# Model Train Layout ABC's



## calirider (Oct 13, 2009)

Is there a thread somewhere on here that gives the ABC's of modeling. I see most people put track down first but I was thinking something different. I was going to build as big of a table I can fit and then draw where I want my track, yard, buildings, rivers, etc to go. Then paint it, then lay the track. Does this make sense? Why do most people lay the track down first?

Thanks


----------



## calirider (Oct 13, 2009)

Wow, don't know why I did not check Beginner Q & A first. Haha sorry


----------



## tankist (Jun 11, 2009)

your plan sounds reasonable.

i layed the track down first because i was simply itching to run my new train after over 20 years of break. then i removed it. pulled the table at proper hight and reassembled. then i removed it again, glued 2" insulation foam sheet and put rails again. only then after i quenched the initial desire to see train ran around in circle i removed the track and started on my landscape.


----------



## calirider (Oct 13, 2009)

Haha, I will most likely do the same thing when time comes. I want to run them already and I am still a couple years away from having my shop that I want to put my layout in.


----------



## tworail (Apr 13, 2006)

My advice is to a) get a copy of Anyrail and b) have something temporary set up or semi-permanent that you can play with when you are bored of doing track planning logistics 

Also put together a list of what you would LIKE to have in your layout. For example, when I do a HO layout I would like:

shadow station for 3-4 trains
multi-train control, automation of passenger service
mountainous terrain allowing for good photo opportunities
parade track
loco service
station large enough to hold 3-4 trains
various industries like sawmill, freight station
small town/city
bridges

etc etc

However it took me a couple years of looking at various plans, other layouts and ideas before I really knew what I wanted. 

Here is a plan I came up with that was based on a plan from Marklin Magzine.
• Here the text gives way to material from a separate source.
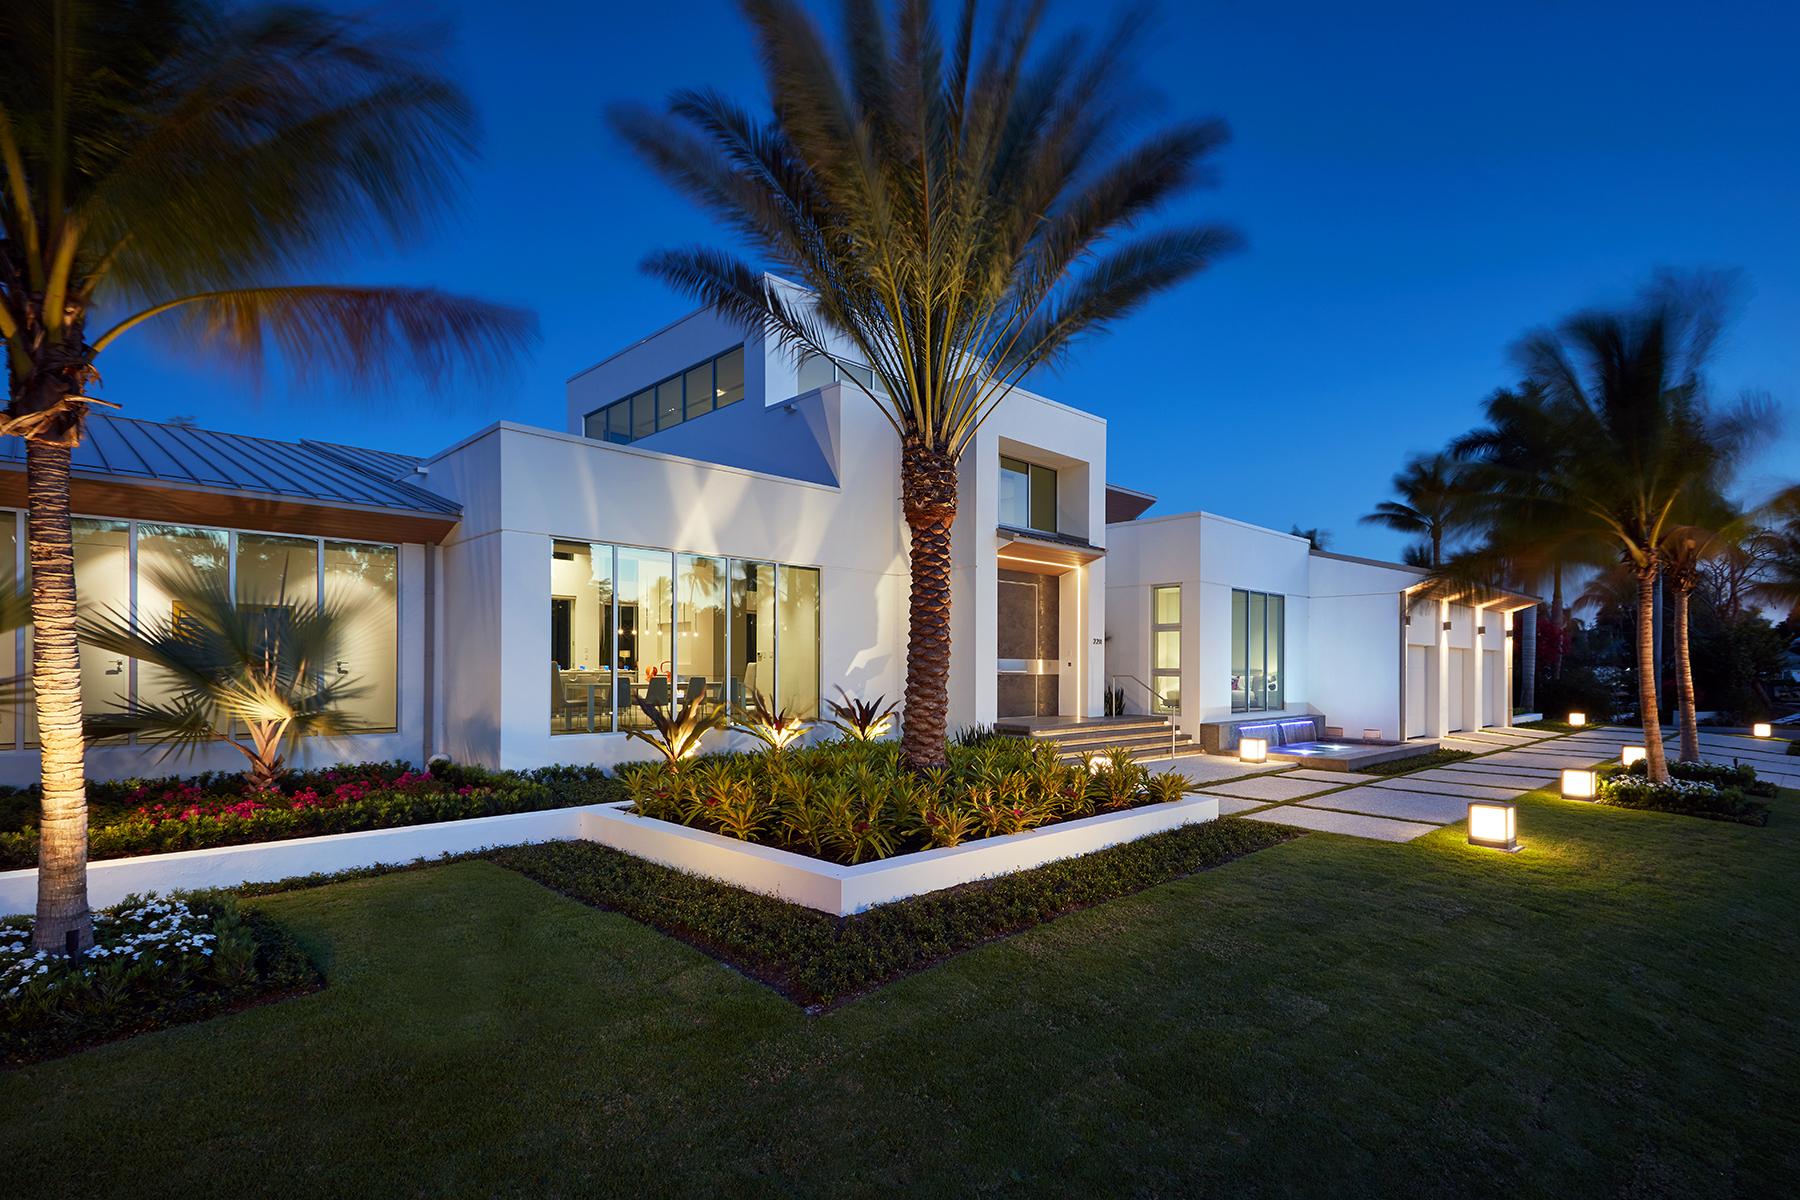 Tek Ailelik Ev için Satış at AQUALANE SHORES 2211 South Winds Dr Aqualane Shores, Naples, Florida, 34102 Amerika Birleşik Devletleri

This is fairly comphrensive and would cost an arm and a leg to complete, so this won't be happening anytime soon. BUT I had alot of fun just doing the plan and working on all the problems with it.


----------



## Big Ed (Jun 16, 2009)

That's a great looking plan. HO?
What are the rough dimensions?


----------



## tworail (Apr 13, 2006)

big ed said:


> That's a great looking plan. HO?
> What are the rough dimensions?


About 12x16 or so but that would be the minimum.


----------



## Reckers (Oct 11, 2009)

tankist said:


> your plan sounds reasonable.
> 
> i layed the track down first because i was simply itching to run my new train after over 20 years of break. then i removed it. pulled the table at proper hight and reassembled. then i removed it again, glued 2" insulation foam sheet and put rails again. only then after i quenched the initial desire to see train ran around in circle i removed the track and started on my landscape.


Why the foam sheet? Sound dampener?


----------



## tankist (Jun 11, 2009)

Reckers said:


> Why the foam sheet? Sound dampener?


thats one of the reasons. it is much better then direct on plywood. the corck roadbed helps further. 

primary reason however is the ability to "sculpture",it give it shape. now i can excavate up to 2" depth for river/pond or other terrain features, etc. it allowed me to lower the underpassing loop to gain enough clearance and still have operable grade on the climb


----------



## tworail (Apr 13, 2006)

Foam is great for the reasons tankist mentioned above. You can buy foam sculptor from any hardware store, as well as a hot knife - which is basically a thin metal knife that is 'hot' so you can cut through it like butter.


----------